══ Data for this exercise
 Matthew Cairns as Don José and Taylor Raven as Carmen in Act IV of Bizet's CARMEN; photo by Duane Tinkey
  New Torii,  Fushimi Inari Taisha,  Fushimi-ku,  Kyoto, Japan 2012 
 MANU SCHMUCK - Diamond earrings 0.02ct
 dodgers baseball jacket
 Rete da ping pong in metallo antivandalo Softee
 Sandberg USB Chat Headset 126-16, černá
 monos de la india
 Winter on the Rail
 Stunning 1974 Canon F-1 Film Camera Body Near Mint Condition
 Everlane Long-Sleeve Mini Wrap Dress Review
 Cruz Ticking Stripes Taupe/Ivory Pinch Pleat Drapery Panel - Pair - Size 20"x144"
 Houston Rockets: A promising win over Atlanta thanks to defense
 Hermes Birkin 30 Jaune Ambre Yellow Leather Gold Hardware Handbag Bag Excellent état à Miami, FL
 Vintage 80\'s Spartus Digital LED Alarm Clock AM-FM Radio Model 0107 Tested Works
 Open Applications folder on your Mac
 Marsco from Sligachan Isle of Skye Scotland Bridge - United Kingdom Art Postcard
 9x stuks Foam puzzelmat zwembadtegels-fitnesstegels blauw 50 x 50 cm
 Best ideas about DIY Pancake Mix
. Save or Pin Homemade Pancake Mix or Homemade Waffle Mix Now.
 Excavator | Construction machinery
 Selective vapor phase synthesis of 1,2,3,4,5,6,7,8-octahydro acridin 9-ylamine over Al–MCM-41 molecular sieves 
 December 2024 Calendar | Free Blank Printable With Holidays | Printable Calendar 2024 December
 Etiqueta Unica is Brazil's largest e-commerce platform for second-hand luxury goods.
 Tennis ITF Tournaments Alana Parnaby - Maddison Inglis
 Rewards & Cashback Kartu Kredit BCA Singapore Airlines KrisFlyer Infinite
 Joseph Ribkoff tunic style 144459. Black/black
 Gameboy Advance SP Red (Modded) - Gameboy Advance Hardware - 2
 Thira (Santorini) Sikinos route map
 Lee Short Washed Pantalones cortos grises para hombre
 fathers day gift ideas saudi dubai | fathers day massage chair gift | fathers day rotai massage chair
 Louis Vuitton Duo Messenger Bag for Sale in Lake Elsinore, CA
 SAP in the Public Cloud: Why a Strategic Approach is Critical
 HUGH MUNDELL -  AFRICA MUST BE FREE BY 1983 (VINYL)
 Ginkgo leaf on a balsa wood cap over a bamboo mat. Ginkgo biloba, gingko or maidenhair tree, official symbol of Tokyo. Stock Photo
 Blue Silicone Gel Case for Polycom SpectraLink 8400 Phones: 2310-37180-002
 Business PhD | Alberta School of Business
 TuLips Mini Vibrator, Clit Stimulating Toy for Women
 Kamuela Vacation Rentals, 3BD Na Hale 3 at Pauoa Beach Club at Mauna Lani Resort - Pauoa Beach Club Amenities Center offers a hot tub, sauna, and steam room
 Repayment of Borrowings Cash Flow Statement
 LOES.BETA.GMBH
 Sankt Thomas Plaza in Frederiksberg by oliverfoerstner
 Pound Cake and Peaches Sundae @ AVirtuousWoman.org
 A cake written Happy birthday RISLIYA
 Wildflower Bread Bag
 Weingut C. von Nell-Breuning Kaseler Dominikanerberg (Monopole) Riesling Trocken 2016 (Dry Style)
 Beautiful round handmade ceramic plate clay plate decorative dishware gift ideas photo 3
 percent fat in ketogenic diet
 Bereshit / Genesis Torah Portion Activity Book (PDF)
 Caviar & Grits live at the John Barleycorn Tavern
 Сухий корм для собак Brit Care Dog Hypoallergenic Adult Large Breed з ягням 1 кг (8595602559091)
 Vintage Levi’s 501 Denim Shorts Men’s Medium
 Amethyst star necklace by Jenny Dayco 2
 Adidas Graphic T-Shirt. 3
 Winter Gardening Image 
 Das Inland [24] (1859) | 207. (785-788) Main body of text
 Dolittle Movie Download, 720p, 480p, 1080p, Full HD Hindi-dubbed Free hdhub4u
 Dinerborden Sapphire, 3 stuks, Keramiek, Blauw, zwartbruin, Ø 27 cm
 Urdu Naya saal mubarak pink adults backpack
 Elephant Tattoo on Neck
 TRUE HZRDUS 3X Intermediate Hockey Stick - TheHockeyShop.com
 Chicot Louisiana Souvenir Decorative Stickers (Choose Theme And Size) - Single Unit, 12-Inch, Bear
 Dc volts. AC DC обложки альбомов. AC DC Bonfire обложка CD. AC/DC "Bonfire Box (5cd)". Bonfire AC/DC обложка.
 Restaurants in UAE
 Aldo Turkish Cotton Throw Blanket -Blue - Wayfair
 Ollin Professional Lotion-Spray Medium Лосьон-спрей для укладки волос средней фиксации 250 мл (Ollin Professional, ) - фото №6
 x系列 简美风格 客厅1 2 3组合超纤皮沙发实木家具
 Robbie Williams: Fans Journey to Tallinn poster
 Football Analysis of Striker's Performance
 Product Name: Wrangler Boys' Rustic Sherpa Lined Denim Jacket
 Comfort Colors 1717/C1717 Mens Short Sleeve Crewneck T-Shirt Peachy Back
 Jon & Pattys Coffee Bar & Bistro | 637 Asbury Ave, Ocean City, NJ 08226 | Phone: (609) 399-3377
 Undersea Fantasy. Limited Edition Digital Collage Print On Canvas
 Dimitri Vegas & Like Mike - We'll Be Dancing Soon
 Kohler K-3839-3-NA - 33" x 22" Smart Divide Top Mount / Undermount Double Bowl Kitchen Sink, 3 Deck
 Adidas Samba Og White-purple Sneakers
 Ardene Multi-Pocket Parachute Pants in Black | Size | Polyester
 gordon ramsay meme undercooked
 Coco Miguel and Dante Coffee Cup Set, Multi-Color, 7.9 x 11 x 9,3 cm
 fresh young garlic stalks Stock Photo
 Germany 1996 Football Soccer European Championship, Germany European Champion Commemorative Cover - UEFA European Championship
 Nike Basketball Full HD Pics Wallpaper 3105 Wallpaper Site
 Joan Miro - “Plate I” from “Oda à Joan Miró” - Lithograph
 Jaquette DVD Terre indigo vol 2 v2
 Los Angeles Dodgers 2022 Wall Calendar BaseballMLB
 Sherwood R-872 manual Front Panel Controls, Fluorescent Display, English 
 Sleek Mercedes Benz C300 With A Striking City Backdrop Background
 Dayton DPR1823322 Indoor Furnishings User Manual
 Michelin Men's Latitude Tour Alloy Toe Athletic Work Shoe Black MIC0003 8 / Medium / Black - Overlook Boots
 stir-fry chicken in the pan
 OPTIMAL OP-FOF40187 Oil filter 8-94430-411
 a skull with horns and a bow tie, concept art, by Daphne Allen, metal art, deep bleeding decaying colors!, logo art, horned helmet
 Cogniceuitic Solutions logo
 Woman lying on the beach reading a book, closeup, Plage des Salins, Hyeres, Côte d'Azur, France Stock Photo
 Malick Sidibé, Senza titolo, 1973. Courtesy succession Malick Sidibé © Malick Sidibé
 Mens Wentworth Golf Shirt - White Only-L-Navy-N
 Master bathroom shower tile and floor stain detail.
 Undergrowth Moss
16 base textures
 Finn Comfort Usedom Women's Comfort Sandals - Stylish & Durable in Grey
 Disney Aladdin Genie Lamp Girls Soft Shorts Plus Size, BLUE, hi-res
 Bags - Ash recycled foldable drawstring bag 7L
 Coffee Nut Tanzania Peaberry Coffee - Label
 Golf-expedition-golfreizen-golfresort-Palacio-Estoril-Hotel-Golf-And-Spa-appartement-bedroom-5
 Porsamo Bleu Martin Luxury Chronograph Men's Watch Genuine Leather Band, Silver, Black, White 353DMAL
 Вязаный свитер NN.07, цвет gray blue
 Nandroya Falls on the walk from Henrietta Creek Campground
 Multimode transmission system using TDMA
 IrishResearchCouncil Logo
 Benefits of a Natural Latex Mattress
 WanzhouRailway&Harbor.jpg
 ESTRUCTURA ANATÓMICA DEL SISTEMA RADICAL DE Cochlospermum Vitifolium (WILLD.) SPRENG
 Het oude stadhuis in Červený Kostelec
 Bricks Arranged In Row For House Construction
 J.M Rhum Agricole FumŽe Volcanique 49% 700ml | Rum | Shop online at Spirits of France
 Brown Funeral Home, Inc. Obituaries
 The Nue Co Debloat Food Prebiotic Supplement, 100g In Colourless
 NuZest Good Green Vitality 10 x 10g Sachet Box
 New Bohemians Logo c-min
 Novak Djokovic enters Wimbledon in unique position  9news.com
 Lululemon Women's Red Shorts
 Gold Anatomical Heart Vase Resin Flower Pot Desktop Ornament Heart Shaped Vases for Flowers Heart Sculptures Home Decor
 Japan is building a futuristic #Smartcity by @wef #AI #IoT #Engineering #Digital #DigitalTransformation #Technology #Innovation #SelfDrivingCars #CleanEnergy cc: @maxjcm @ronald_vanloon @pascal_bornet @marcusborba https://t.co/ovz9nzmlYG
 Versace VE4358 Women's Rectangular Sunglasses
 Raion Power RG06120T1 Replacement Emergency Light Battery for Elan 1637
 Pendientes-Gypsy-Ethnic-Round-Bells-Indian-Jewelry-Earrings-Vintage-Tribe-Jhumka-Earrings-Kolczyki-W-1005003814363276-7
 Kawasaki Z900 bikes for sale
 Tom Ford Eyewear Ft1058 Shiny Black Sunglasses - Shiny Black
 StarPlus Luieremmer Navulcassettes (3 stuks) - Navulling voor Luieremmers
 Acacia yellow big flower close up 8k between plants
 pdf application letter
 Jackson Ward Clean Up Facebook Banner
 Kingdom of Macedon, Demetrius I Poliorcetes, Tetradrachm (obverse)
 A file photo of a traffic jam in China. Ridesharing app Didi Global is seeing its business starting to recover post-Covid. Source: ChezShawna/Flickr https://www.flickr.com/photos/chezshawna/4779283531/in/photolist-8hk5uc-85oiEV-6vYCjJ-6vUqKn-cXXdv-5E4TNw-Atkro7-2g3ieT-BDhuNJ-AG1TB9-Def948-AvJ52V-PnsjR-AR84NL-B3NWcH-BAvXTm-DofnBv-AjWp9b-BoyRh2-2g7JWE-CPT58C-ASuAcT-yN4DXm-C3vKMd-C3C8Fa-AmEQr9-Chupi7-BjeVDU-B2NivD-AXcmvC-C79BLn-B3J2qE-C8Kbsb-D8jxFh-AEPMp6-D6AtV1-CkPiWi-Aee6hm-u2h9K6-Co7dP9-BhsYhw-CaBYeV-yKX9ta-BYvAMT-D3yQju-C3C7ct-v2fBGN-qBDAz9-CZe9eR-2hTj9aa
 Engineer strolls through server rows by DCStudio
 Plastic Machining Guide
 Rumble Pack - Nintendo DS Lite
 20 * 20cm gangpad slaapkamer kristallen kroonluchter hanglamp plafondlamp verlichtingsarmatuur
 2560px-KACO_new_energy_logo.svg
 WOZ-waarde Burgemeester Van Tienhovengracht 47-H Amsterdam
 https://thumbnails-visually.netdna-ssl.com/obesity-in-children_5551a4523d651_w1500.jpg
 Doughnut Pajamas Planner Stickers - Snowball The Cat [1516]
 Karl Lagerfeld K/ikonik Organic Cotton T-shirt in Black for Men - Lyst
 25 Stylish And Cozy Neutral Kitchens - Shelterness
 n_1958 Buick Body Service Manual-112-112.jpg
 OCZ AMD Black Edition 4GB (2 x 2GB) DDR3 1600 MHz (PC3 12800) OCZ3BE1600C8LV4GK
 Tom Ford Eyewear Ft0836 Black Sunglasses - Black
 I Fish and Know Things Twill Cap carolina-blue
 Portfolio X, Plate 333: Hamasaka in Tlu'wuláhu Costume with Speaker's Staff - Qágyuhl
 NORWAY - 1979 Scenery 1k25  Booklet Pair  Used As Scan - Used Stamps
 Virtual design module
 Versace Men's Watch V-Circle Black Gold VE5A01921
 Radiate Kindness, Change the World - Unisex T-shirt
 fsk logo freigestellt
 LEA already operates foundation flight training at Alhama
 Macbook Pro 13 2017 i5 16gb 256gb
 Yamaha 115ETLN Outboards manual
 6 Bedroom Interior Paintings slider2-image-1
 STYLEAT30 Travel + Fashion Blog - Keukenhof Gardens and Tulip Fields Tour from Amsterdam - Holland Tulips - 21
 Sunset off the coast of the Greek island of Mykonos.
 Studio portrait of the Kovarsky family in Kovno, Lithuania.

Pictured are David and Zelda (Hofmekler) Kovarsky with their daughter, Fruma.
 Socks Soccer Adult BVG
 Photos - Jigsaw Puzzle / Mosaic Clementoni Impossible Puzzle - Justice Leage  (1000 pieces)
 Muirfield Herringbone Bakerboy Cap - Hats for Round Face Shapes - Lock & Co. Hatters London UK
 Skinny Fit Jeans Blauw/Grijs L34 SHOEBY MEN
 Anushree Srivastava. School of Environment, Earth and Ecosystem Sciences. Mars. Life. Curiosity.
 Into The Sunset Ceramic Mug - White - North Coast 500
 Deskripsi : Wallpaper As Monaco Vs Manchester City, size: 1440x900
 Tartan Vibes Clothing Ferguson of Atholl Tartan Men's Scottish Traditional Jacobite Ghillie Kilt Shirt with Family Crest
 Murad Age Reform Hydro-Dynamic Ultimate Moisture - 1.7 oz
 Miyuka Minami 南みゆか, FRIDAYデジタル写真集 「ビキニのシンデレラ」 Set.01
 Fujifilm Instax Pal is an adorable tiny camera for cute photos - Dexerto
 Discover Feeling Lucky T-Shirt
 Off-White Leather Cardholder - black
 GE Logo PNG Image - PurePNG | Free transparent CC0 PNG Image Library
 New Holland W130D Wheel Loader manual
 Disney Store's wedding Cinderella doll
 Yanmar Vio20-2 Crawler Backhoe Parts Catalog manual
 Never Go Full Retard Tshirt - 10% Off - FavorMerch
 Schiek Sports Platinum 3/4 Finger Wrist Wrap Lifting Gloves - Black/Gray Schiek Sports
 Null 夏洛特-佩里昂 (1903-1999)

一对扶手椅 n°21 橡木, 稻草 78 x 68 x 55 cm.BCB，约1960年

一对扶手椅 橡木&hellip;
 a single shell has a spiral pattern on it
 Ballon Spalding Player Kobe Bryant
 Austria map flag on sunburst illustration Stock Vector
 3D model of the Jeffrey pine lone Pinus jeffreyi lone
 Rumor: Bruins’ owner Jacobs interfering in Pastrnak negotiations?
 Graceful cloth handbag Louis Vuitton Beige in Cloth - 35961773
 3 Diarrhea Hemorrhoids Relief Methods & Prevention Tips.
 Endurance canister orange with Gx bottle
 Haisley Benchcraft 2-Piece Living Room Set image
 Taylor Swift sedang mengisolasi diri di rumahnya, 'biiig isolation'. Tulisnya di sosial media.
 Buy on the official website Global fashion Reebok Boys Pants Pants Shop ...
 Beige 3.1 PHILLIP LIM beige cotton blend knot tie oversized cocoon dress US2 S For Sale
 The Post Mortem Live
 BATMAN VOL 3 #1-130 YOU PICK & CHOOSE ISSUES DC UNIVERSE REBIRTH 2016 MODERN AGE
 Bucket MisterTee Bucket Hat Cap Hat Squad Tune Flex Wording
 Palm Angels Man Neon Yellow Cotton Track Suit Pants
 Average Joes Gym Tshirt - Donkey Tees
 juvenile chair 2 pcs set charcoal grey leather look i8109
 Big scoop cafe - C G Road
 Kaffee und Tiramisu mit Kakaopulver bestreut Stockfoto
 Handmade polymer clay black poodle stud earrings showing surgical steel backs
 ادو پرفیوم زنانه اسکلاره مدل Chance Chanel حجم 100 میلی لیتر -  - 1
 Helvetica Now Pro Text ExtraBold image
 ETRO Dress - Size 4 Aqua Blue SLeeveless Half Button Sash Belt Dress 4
════
_Exercise details_.
Look above for the line holding "Off-White Leather Cardholder - black", then set down exactly that line and every line after it up to and including the line holding "Graceful cloth handbag", with nothing else.

_Solution to this problem_.
 Off-White Leather Cardholder - black
 GE Logo PNG Image - PurePNG | Free transparent CC0 PNG Image Library
 New Holland W130D Wheel Loader manual
 Disney Store's wedding Cinderella doll
 Yanmar Vio20-2 Crawler Backhoe Parts Catalog manual
 Never Go Full Retard Tshirt - 10% Off - FavorMerch
 Schiek Sports Platinum 3/4 Finger Wrist Wrap Lifting Gloves - Black/Gray Schiek Sports
 Null 夏洛特-佩里昂 (1903-1999)

一对扶手椅 n°21 橡木, 稻草 78 x 68 x 55 cm.BCB，约1960年

一对扶手椅 橡木&hellip;
 a single shell has a spiral pattern on it
 Ballon Spalding Player Kobe Bryant
 Austria map flag on sunburst illustration Stock Vector
 3D model of the Jeffrey pine lone Pinus jeffreyi lone
 Rumor: Bruins’ owner Jacobs interfering in Pastrnak negotiations?
 Graceful cloth handbag Louis Vuitton Beige in Cloth - 35961773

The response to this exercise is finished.